Is an equation still solvable if there are variables in the denominator? Isn't there a value for x that will make the denominator zero and then you can't divide by zero?

Answer 1

@satellite73

Answer 2

@SolomonZelman

Answer 3

oh wait forgot you suck at word problems nvm

Answer 4

lol

Answer 5

as long as the solution is not the number that makes the "bottom" zero, you are ok

Answer 6

iof course they are
\[\frac{2}{x}=3\] can be solved right?

Answer 7

that's true

Answer 8

if you have something like: \(\normalsize\color{royalblue}{ \frac{\LARGE 3}{\LARGE x}=0 }\) then you won't have solutions.

Answer 9

so basically I shouldn't choose a number that will make the denominator zero

Answer 10

But something like: \(\normalsize\color{royalblue}{ \frac{\LARGE 3}{\LARGE x}=4 }\)
(or whenever the other side is not a zero, if you have an \(\normalsize\color{royalblue}{ x }\) in the denominator, then there will be a solution)

Answer 11

ohhhhhhhhhhhhhhhhhhhhhh

Answer 12

ok I think I get it

Answer 13

I think

Answer 14

yeah kind of

Answer 15

yes, because: \(\normalsize\color{royalblue}{ \frac{\LARGE 3}{\LARGE x}=0 }\) is never true.
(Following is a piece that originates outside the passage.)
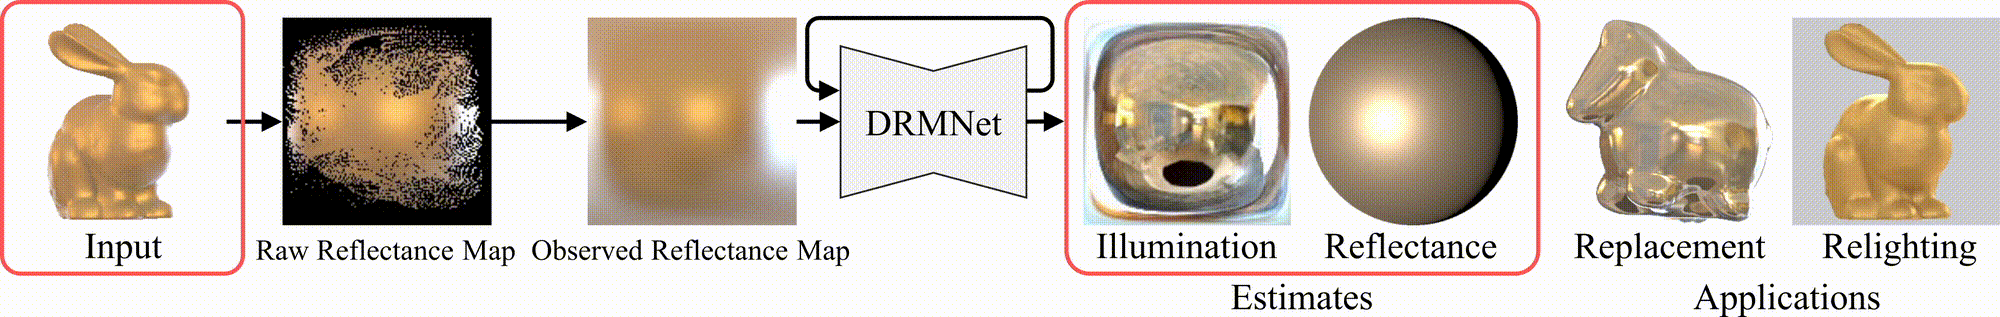 DRMNet header image

there is not x value that satisfies this statement

Answer 16

ok seems simple now, thanks

Answer 17

\(\normalsize\color{royalblue}{ \frac{\LARGE 3}{\LARGE x}=0 }\)

you can multiply both sides times x,
and then you get: \(\normalsize\color{royalblue}{ 3=0 }\)

Answer 18

it is either way false

Answer 19

ok yeah makes sense

Answer 20

:)